Tuesday, September 30, 2014

What's the problem with plagiarism?

Not much, according to the Journal Sentinel editorial board. It won't defend Mary Burke -  lifting, without attribution - from the work of others, but it finds the controversy to be a side show. The real question is whether the ideas expressed by the language that Burke stole and passed of as her own are "good ones?'

My guess is that if I lifted one of their editorials and passed it off as my own, the Journal Sentinel's concern would be a tad more urgent. They wouldn't absolve me because the column was "good," they'd go after me because it was "theirs" and would consider me less than honest for taking it.

And rightly so.

The problem is not that Burke borrowed ideas from others. There are few original ideas in politics and the fact that she would recycle policies from other Democrats is not surprising. The problem here is not the quality of her jobs plan - the ideas she passed off as her own were equally bad when proposed by the people who actually wrote them - but one of general competence and integrity.

Professionals - heck, high school students - know that you do not present others' work as your own. If you want to quote the work of others, you attribute it to them. To fail to do so is fundamentally dishonest.

The editorial board excuses Burke by dismissing the plagiarism as a failure to be "careful." Two things.

First, if this is the fault of a staffer or an oversight by Burke herself, it shows that she spent no time, as she claims, "studying " the plans of others. If she had, she'd have known that her plan was merely a cut and paste job. This suggests that she is either 1) lying about her involvement or 2) doesn't know what every fourteen year old knows - you don't crib from the kid in front of you.

Second, her ad "responding" to the charges makes it worse. In it, she characterizes the criticism of her plan as being that it borrowed ideas from others. That's not it at all and she knows it. It's that she copied them and lacked the intellectual honesty - or professionalism -  to say so.

The ad demonstrates that she still doesn't get it.

Cross posted at Purple Wisconsin.




1 comment:

JM said...

Professor, you are absolutely correct--passing something as your own is fundamentally dishonest. Burke ought to be held accountable since she failed to properly vet her campaign materials.

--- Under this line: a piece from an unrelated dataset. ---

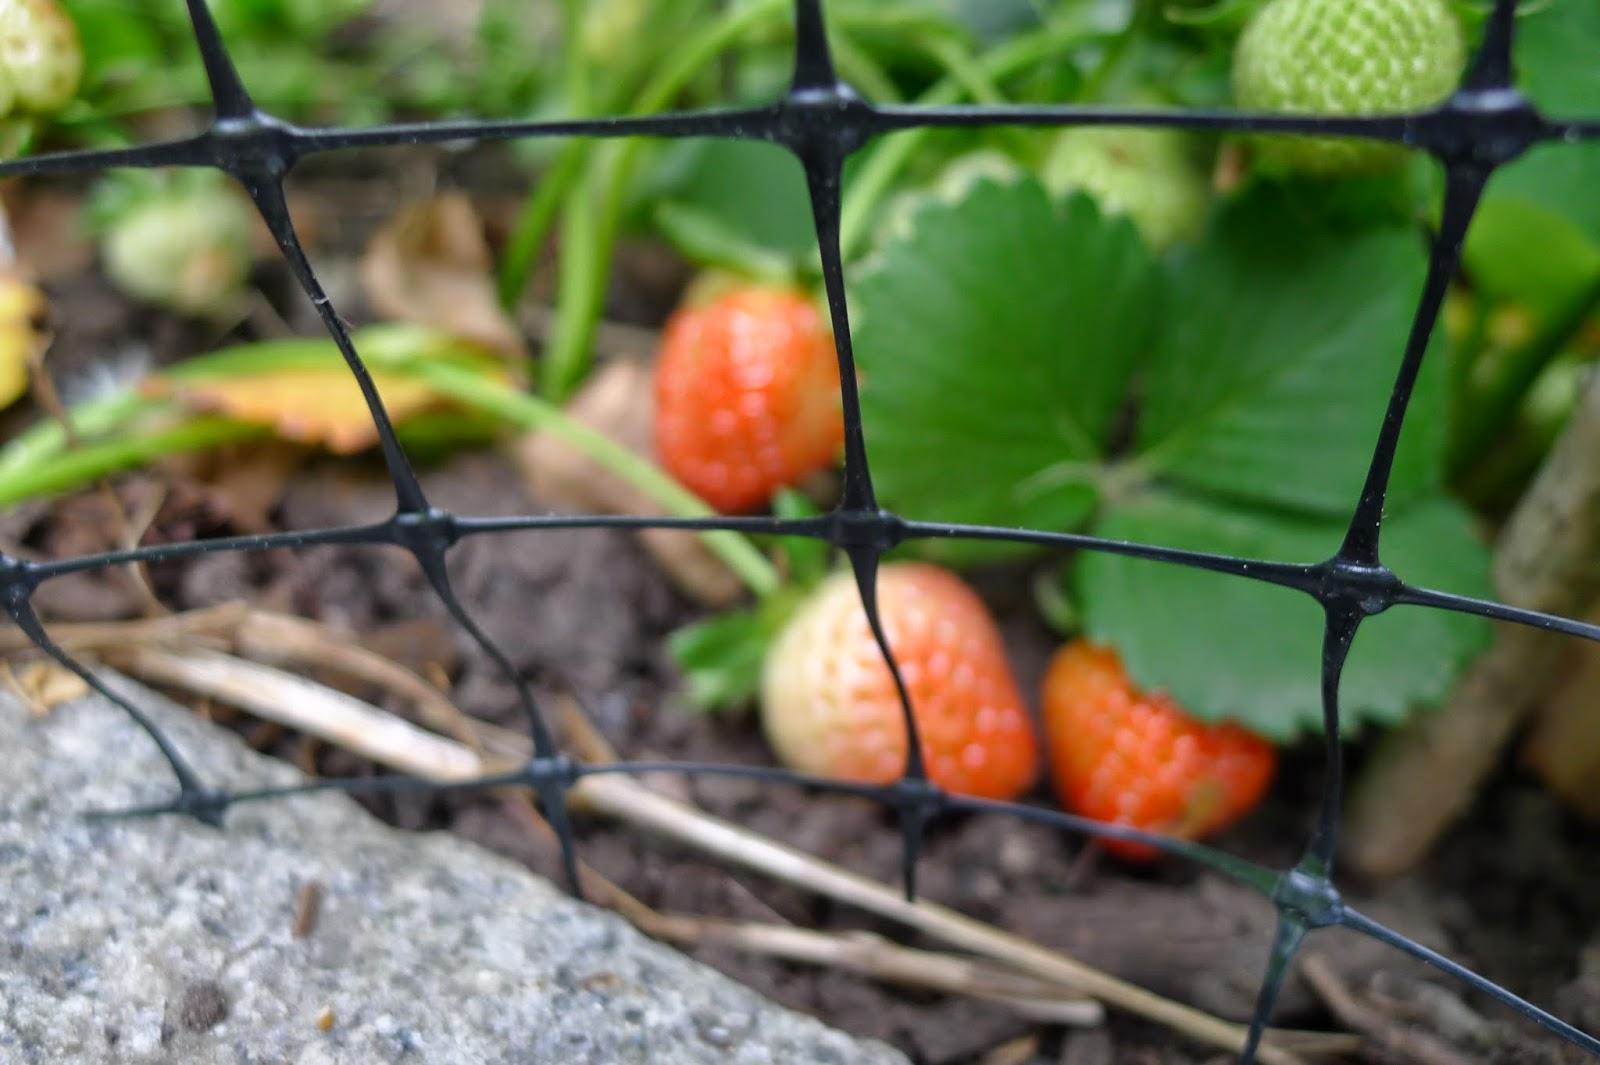 Netting over strawberries, organic pest control, urban farming
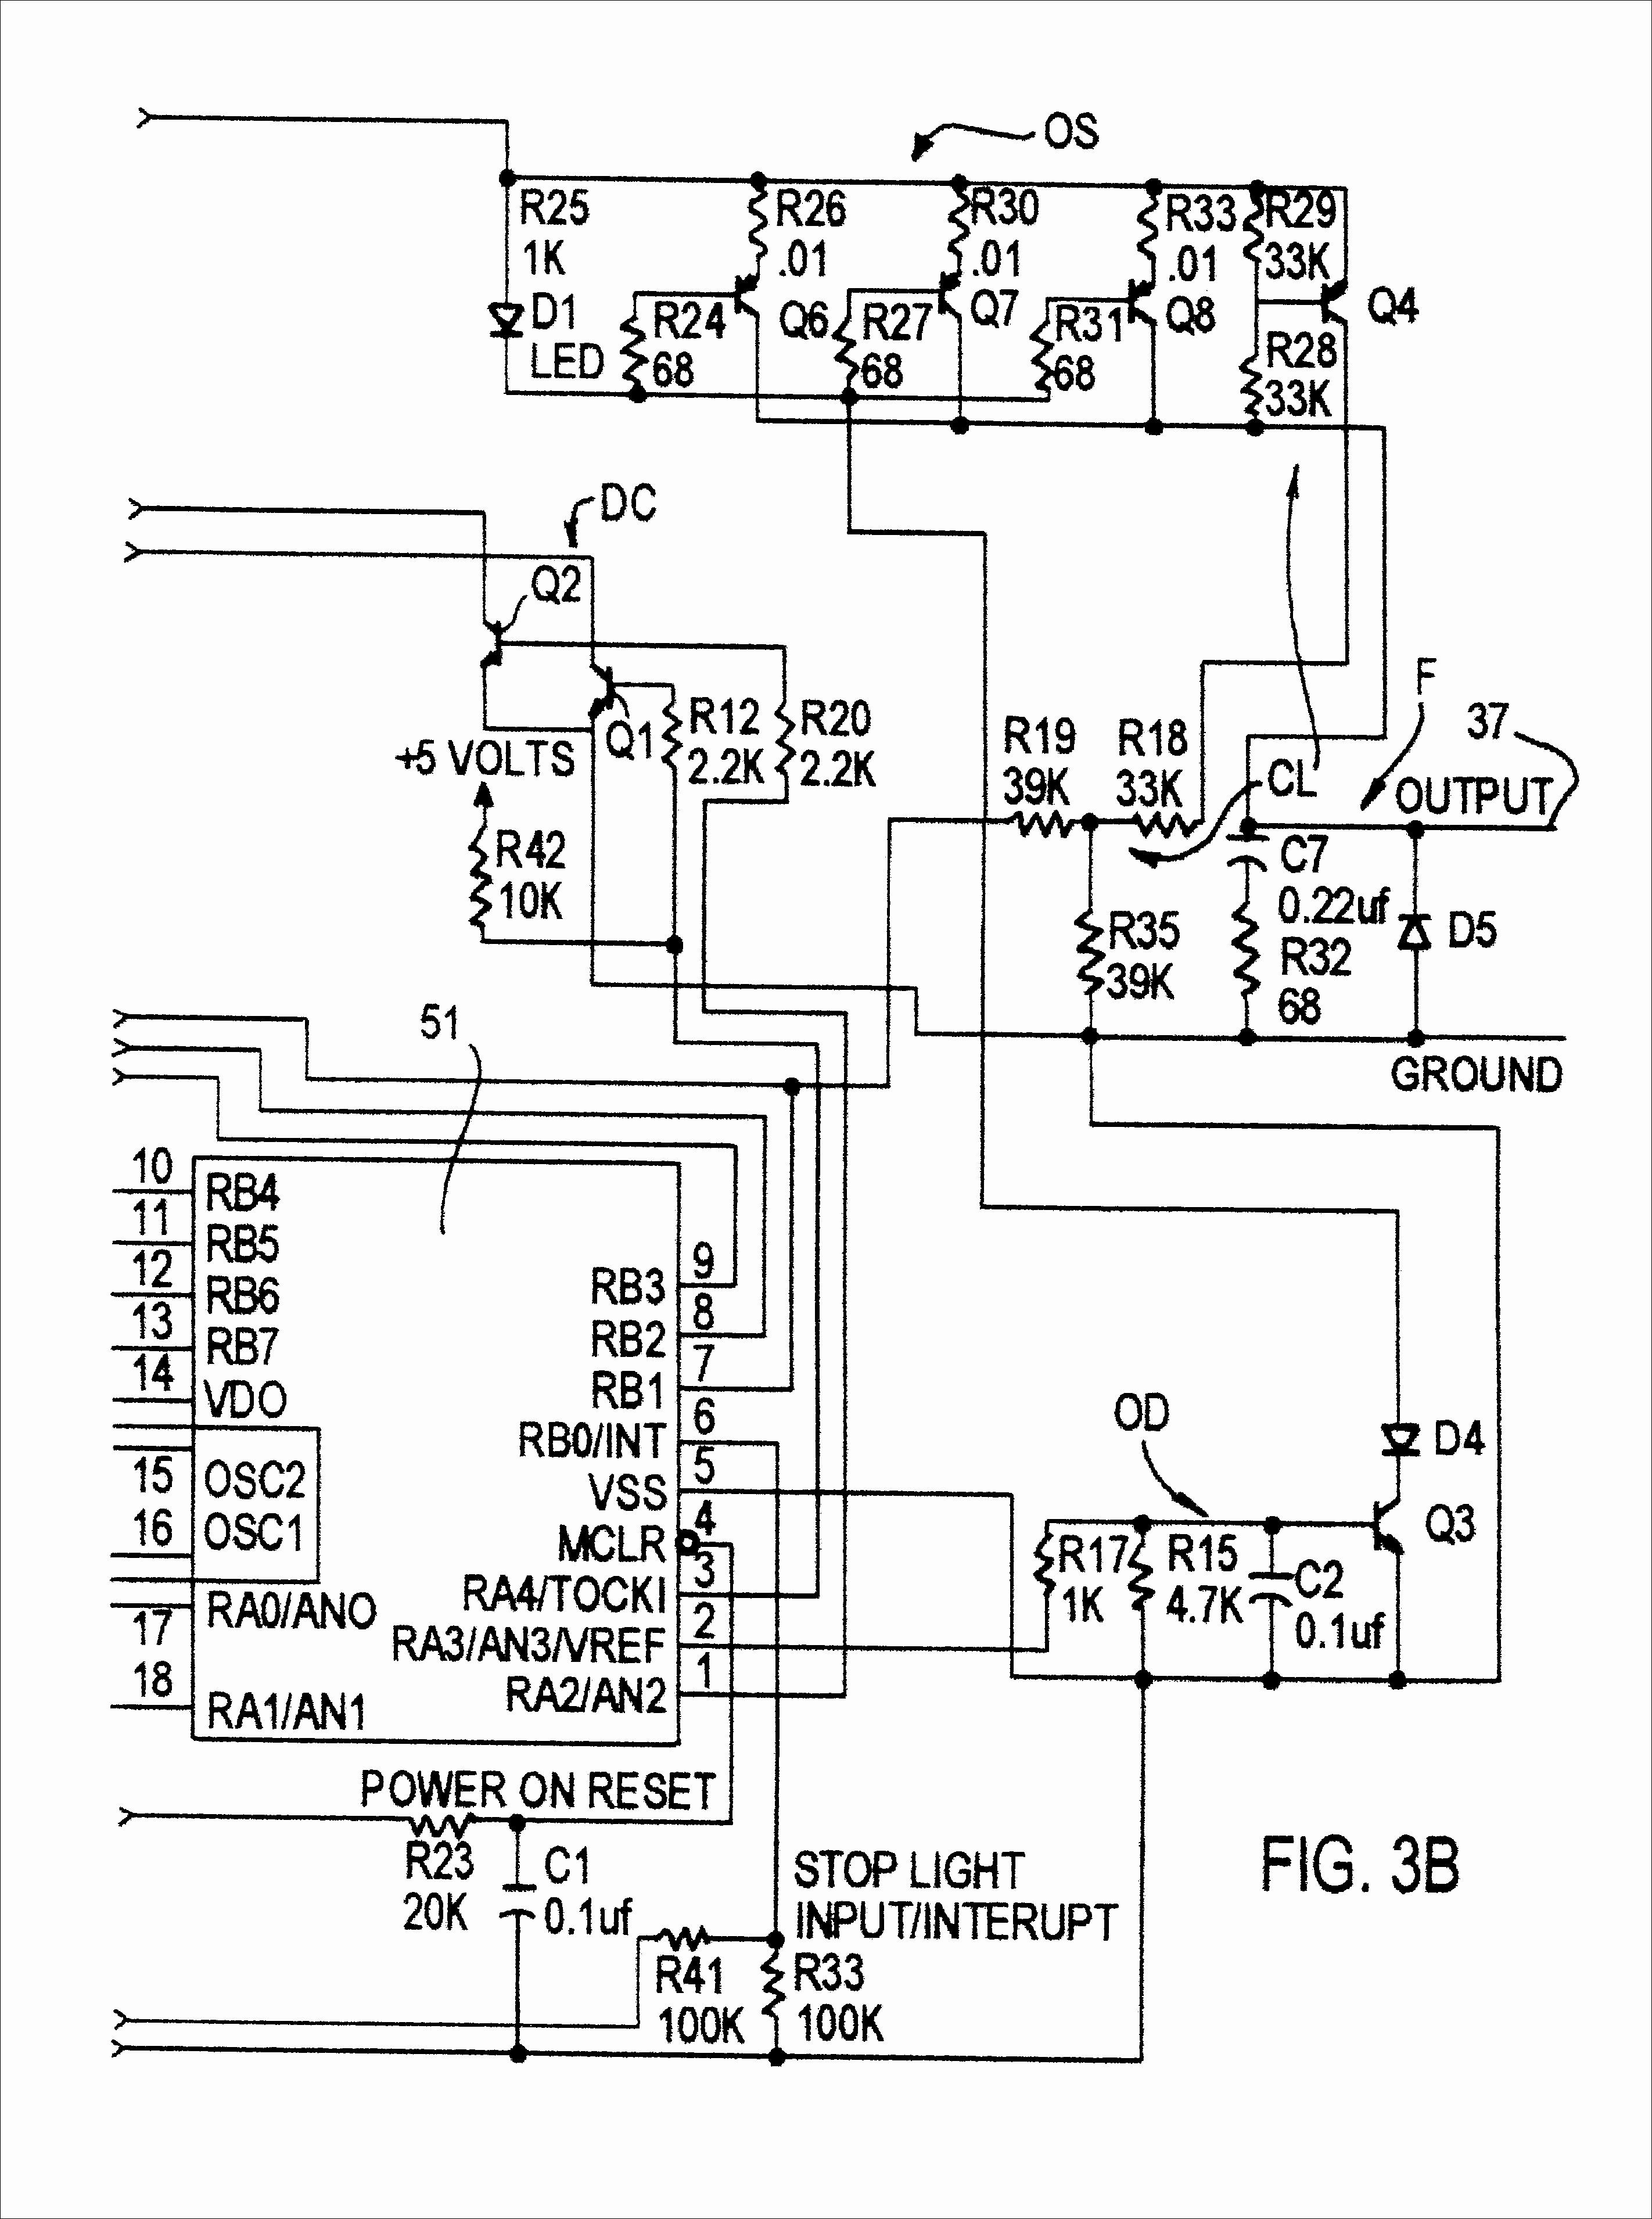 Diesel Engine Components Diagram Car Engine Schematics Smart Wiring Diagrams • Of Diesel Engine Components Diagram

That is why undoubtedly you would agree this egregious behavior ought to called out, regardless of the time and place.

Burke’s plagiarism is eerily similar to Governor Walker, who in 2011 had issued a press release, without DIRECTLY attributing credit to the administration actually responsible for a “...project directly creates 125 new jobs and indirectly creates 129 jobs, resulting in $12.6 million in annual wages right here in Wisconsin” for Curt Manufacturing.

As you stated, professor, borrowing an idea from others and passing it your own lacks integrity, considering this development had been already announced in 2010 by the previous administration.

The kicker? The funds for the project came directly from federal stimulus money.